Harvard and Dana-Farber Cancer Institute researchers have created nanodevices made of DNA that self-assemble and can be programmed to move and change shape on demand. In contrast to existing nanotechnologies, these programmable nanodevices are highly suitable for medical applications because DNA is both biocompatible and biodegradable.
Built at the scale of one billionth of a meter, each device is made of a circular, single-stranded DNA molecule that, once it has been mixed together with many short pieces of complementary DNA, self-assembles into a predetermined 3D structure. Double helices fold up into larger, rigid linear struts that connect by intervening single-stranded DNA. These single strands of DNA pull the struts up into a 3D form—much like tethers pull tent poles up to form a tent. The structure’s strength and stability result from the way it distributes and balances the counteracting forces of tension and compression.
This architectural principle—known as tensegrity—has been the focus of artists and architects for many years, but it also exists throughout nature. In the human body, for example, bones serve as compression struts, with muscles, tendons and ligaments acting as tension bearers that enable us to stand up against gravity. The same principle governs how cells control their shape at the microscale.
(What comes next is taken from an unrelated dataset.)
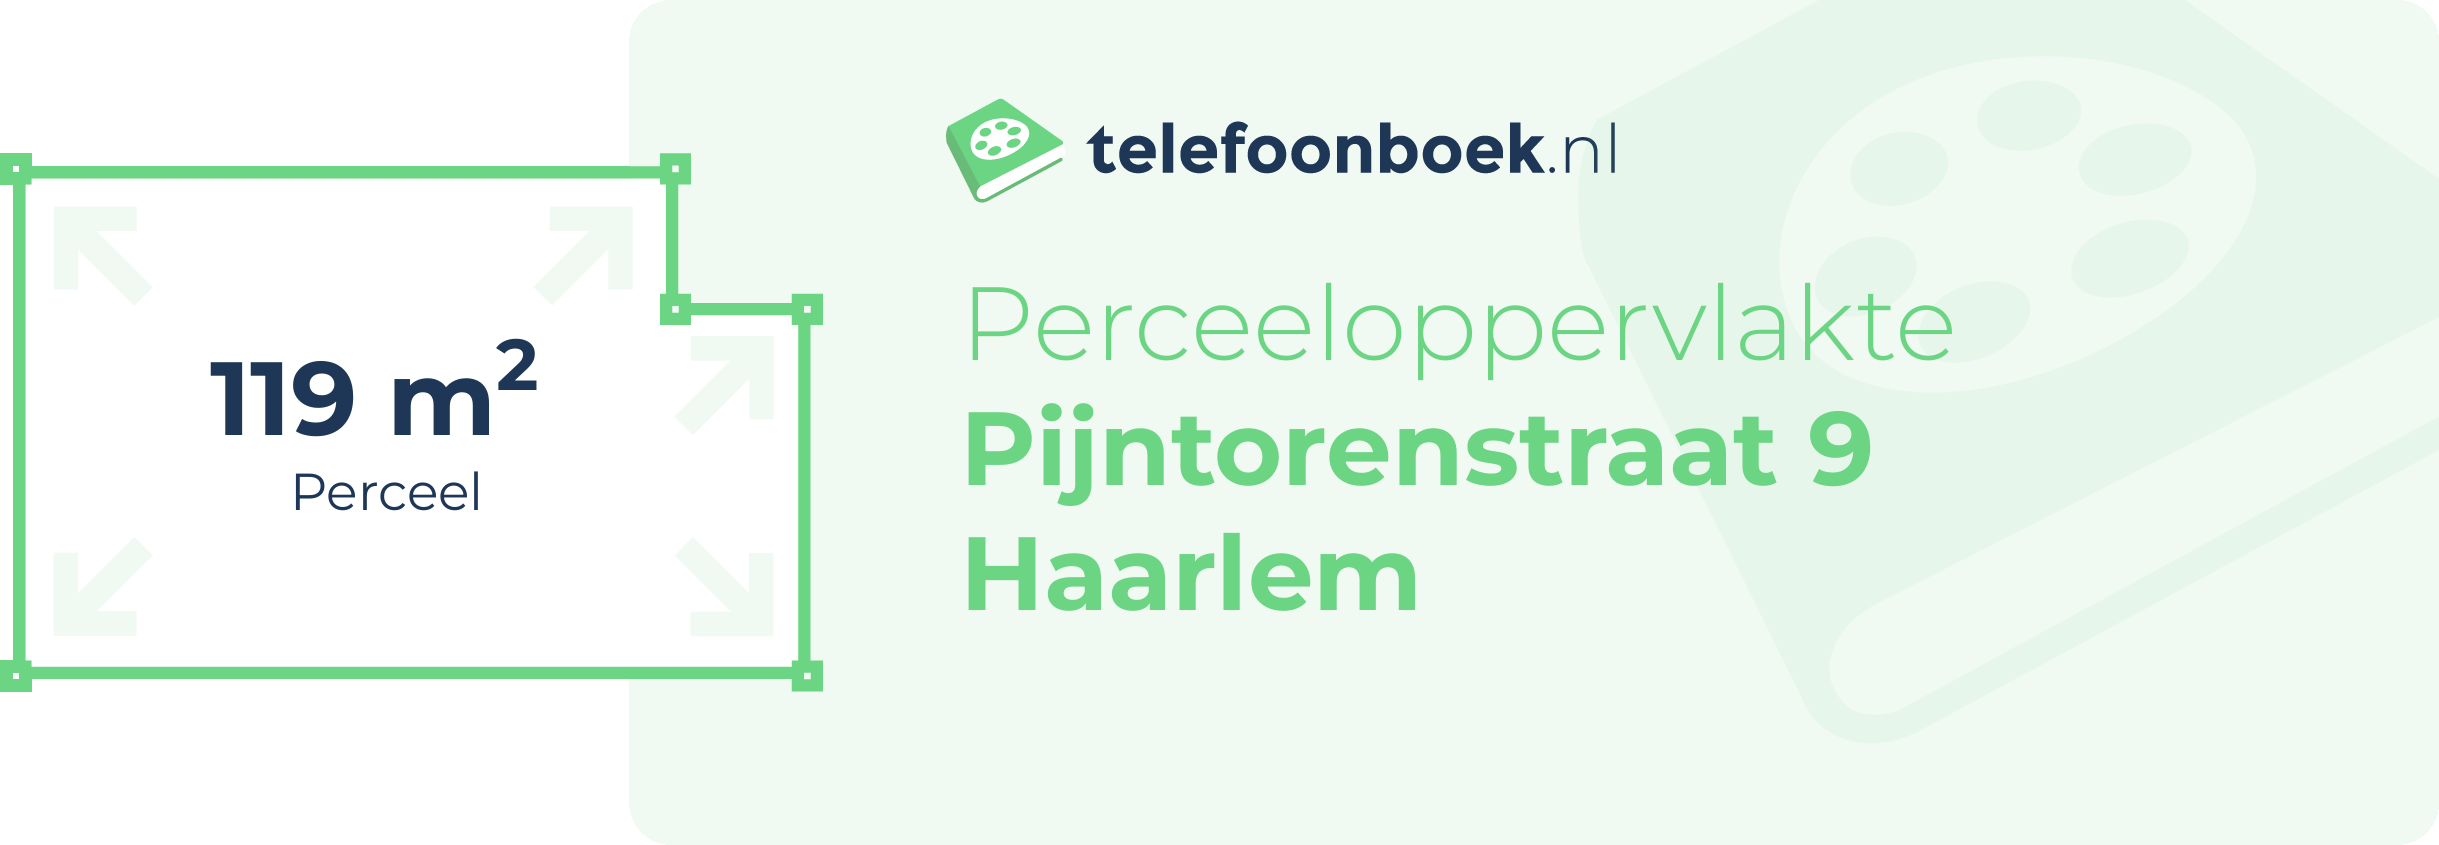 Perceeloppervlakte Pijntorenstraat 9 Haarlem

“This new self-assembly based nanofabrication technology could lead to nanoscale medical devices and drug delivery systems, such as virus mimics that introduce drugs directly into diseased cells,” said co-investigator and Wyss Institute director Don Ingber. A nanodevice that can spring open in response to a chemical or mechanical signal could ensure that drugs not only arrive at the intended target but are also released when and where desired.
Tensegrity built with wooden rods and string
Further, nanoscopic tensegrity devices could one day reprogram human stem cells to regenerate injured organs. Stem cells respond differently depending on the forces around them. For instance, a stiff extracellular matrix—the biological glue surrounding cells—fabricated to mimic the consistency of bone signals stem cells to become bone, while a soupy matrix closer to the consistency of brain tissue signals the growth of neurons.
Tensegrity, or tensional integrity, is a property of a structure indicating a reliance on a balance between components that are either in pure compression or pure tension for stability. Tensegrity structures exhibit extremely high strength-to-weight ratios and great resilience, and are therefore widely used in engineering, robotics and architecture. Here, we report nanoscale, prestressed, three-dimensional tensegrity structures in which rigid bundles of DNA double helices resist compressive forces exerted by segments of single-stranded DNA that act as tension-bearing cables. Our DNA tensegrity structures can self-assemble against forces up to 14 pN, which is twice the stall force of powerful molecular motors such as kinesin or myosin. The forces generated by this molecular prestressing mechanism can be used to bend the DNA bundles or to actuate the entire structure through enzymatic cleavage at specific sites. In addition to being building blocks for nanostructures, tensile structural elements made of single-stranded DNA could be used to study molecular forces, cellular mechanotransduction and other fundamental biological processes.